The statement came after a CNN Pentagon correspondent was notified prosecutors sought and obtained her phone and email records from the summer of 2017 through the courts last year. This followed a trio of Washington Post reporters being notified of similar seizures last year through use of subpoena power.

The letters sent to each of the reporters said that prosecutors obtained "non-content" information, meaning that senders, recipients, and time stamps would be disclosed, but not the content of their conversations.

William Barr, who was attorney general throughout 2020 until just before Christmas, has declined comment to multiple outlets about the situation. During Senate testimony in May 2019, he said the Justice Department had "multiple criminal leak investigations underway” related to the handling of the Trump-Russia investigation.

Grassley, an Iowa Republican, sent a letter to the Justice Department in January demanding an explanation about the reported ending of an investigation into the leak of potentially classified information from former White House national security adviser Michael Flynn’s calls with a Russian ambassador to the media.

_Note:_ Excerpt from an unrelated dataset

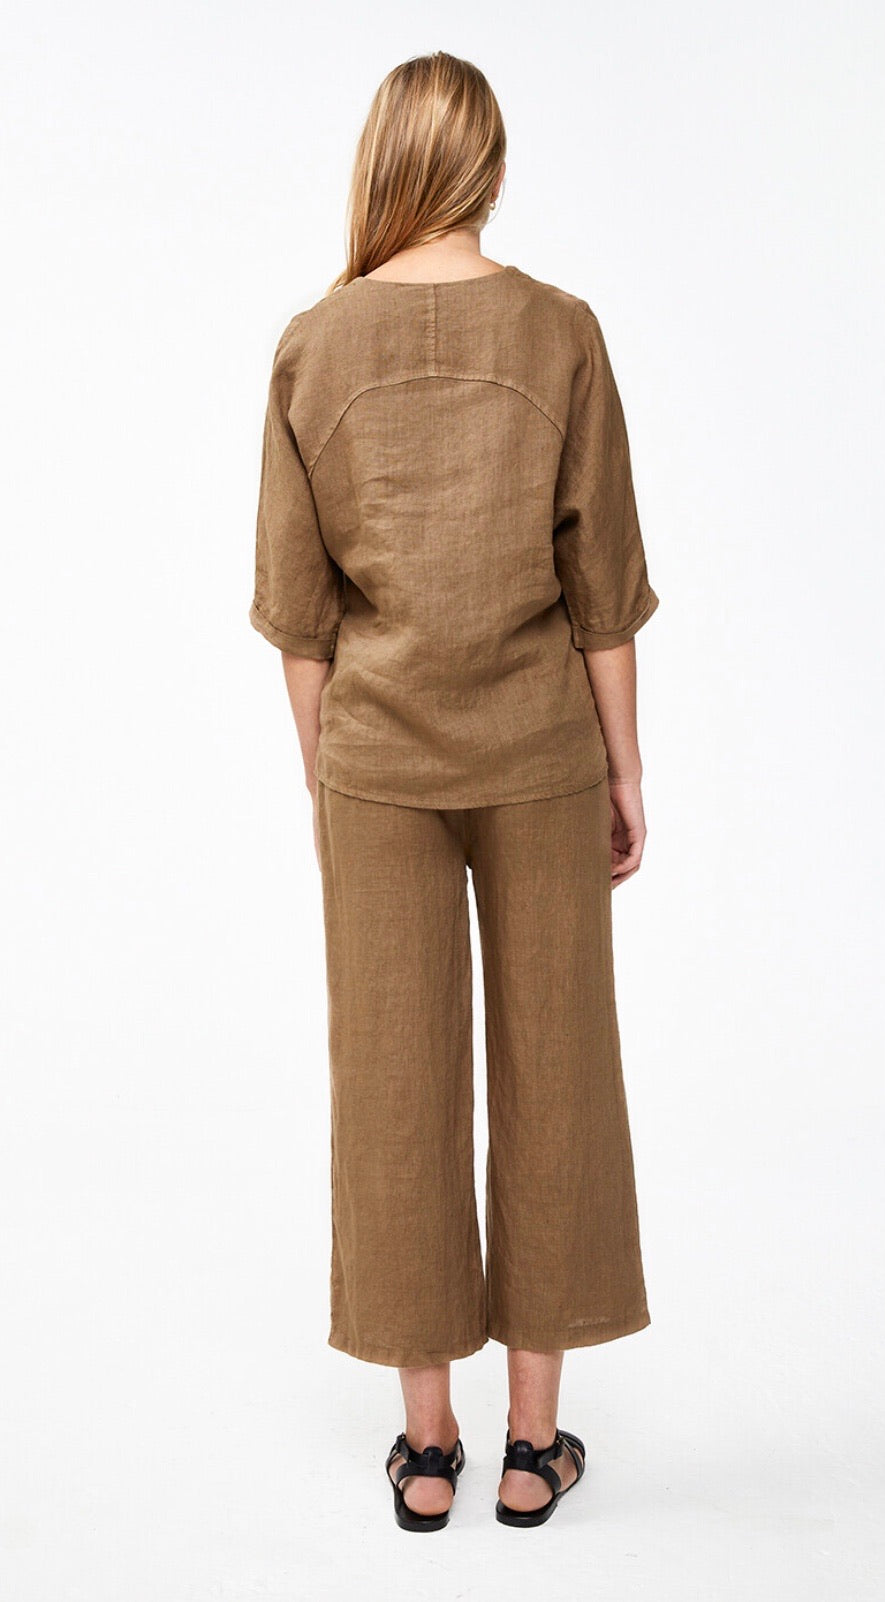 By-Bar Ines linen pant sepia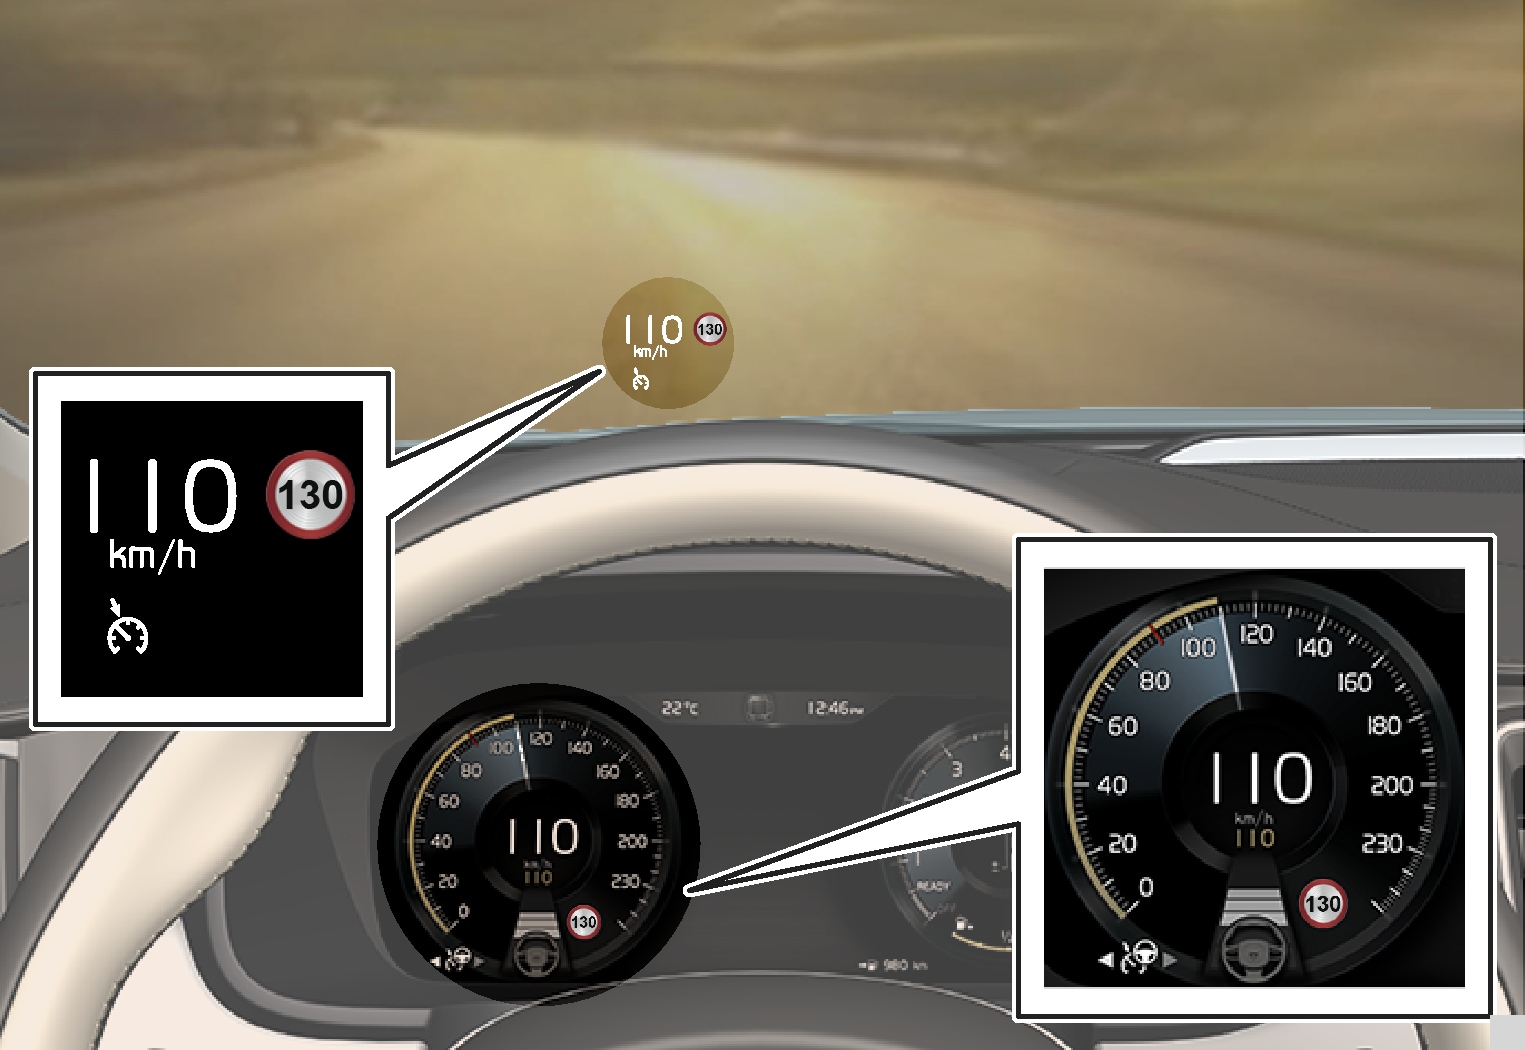 P5-S90/V90-1617-Pilot Assist, Follows, set to maintain 110 km/h and to follow a vehicle ahead

The Justice Department previously defended the process by which it would seek such records for a criminal leaks investigation.

"While rare, the Department follows the established procedures within its media guidelines policy when seeking legal process to obtain telephone toll records and non-content email records from media members as part of a criminal investigation into unauthorized disclosure of classified information," Marc Raimondi, a spokesman for the Justice Department, told the Washington Post last month.